======== Raw data
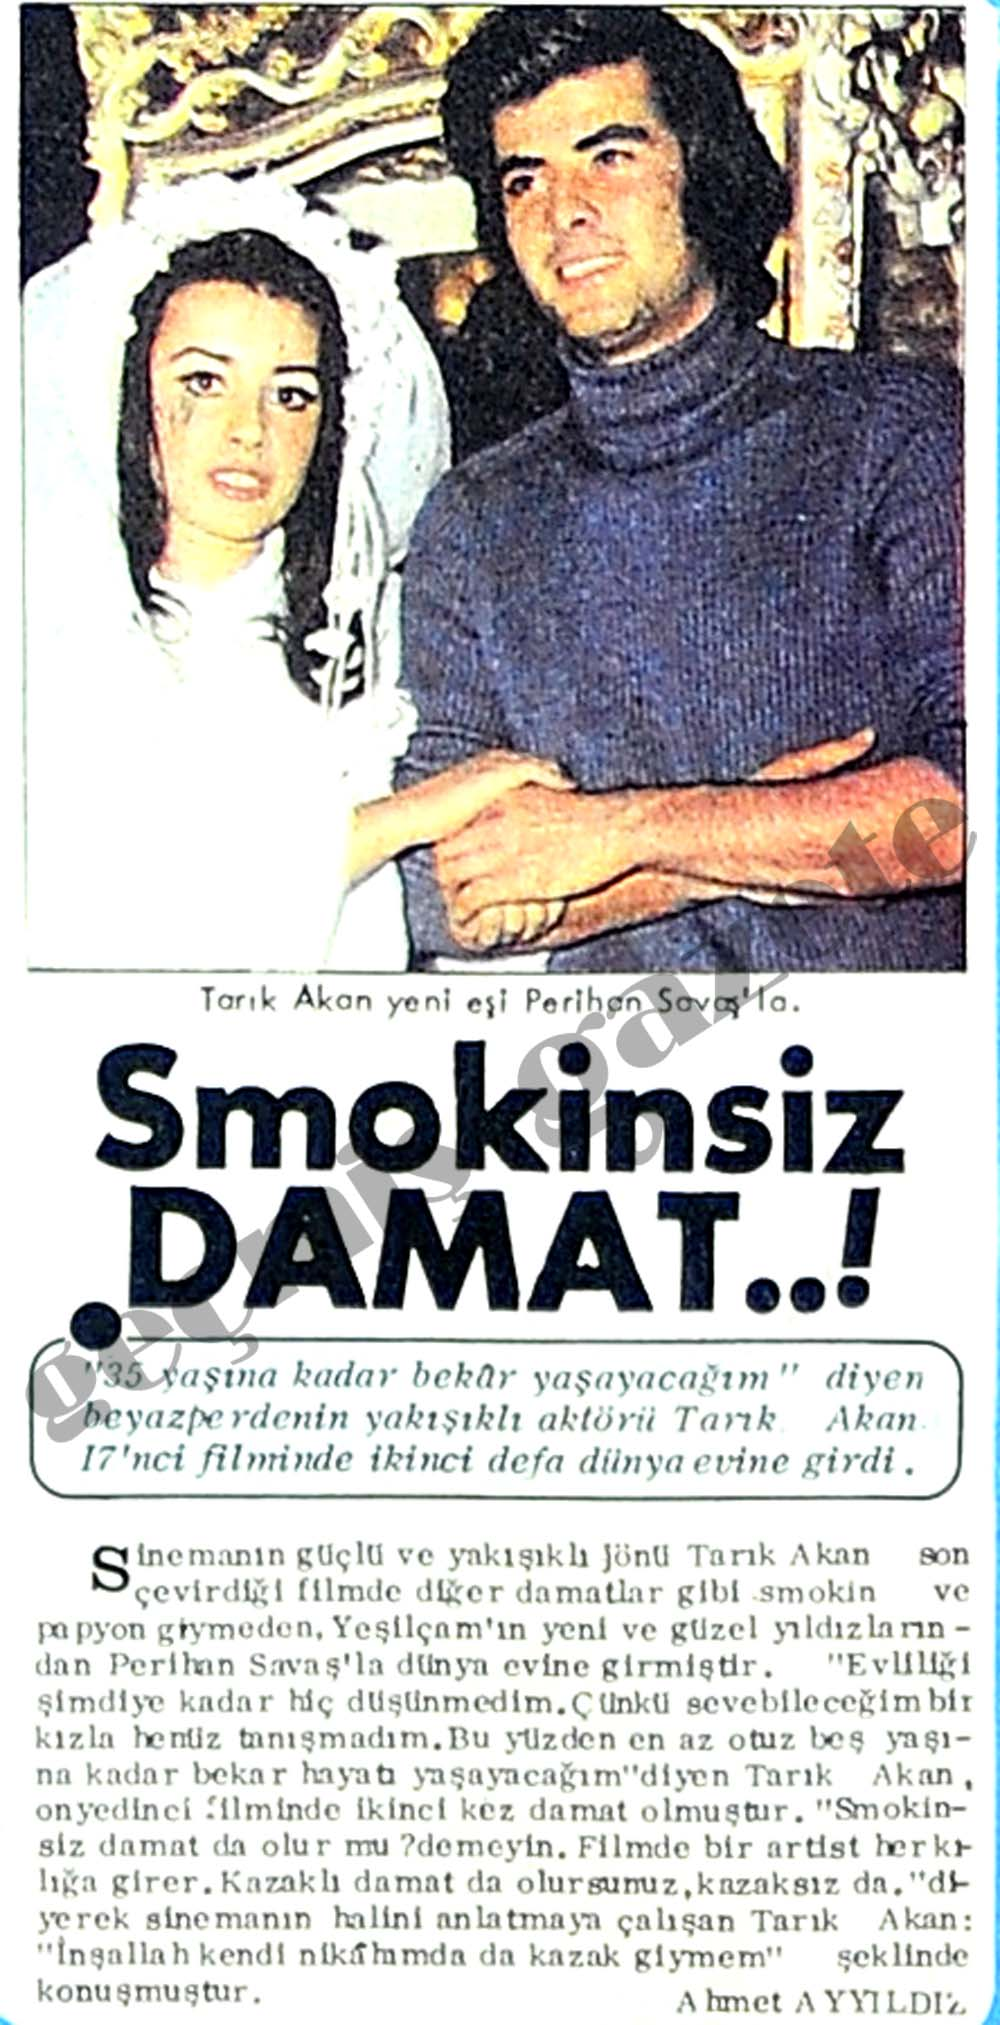 Smokinsiz DAMAT!
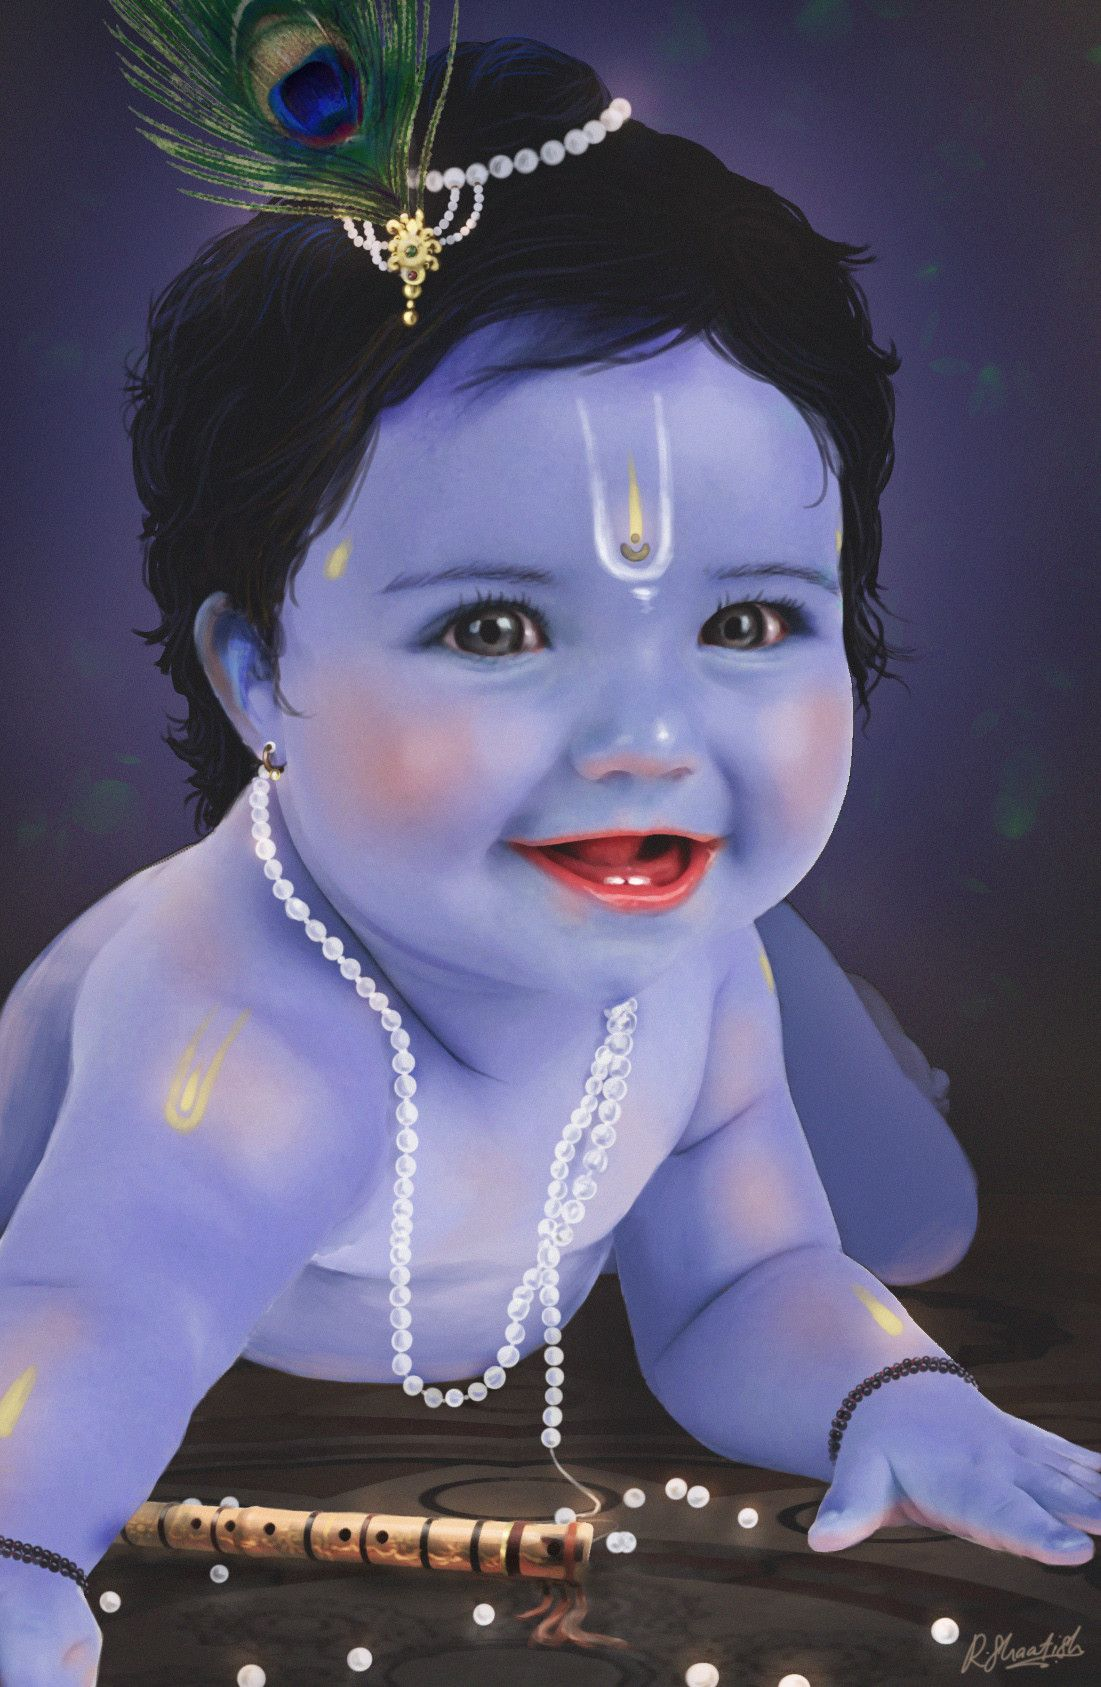 Paramchaintanya Men Shaatish Rajendranconcept Artist And 3d Animator Baby Krishna Little Krishna Lord Krishna Images
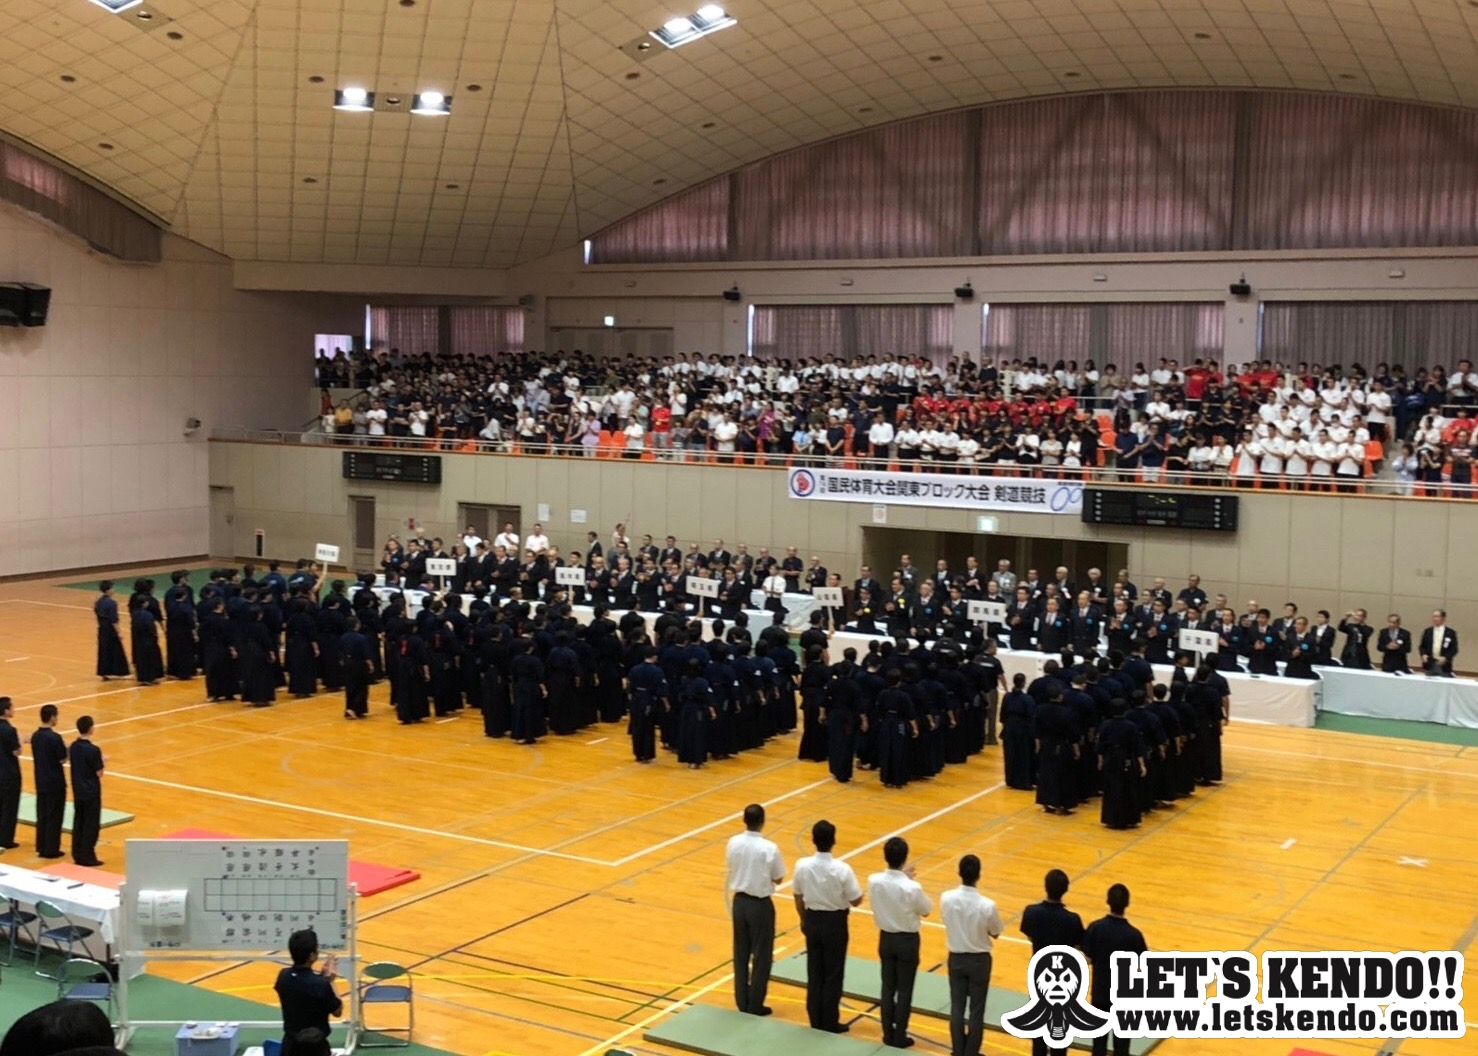 【結果】8/25 国体関東ブロック大会・剣道
================
● **What the task requires**:
Without the pictures, retype the whole of the material above exactly.

● **Result of this exercise**:
 Smokinsiz DAMAT!
 Paramchaintanya Men Shaatish Rajendranconcept Artist And 3d Animator Baby Krishna Little Krishna Lord Krishna Images
 【結果】8/25 国体関東ブロック大会・剣道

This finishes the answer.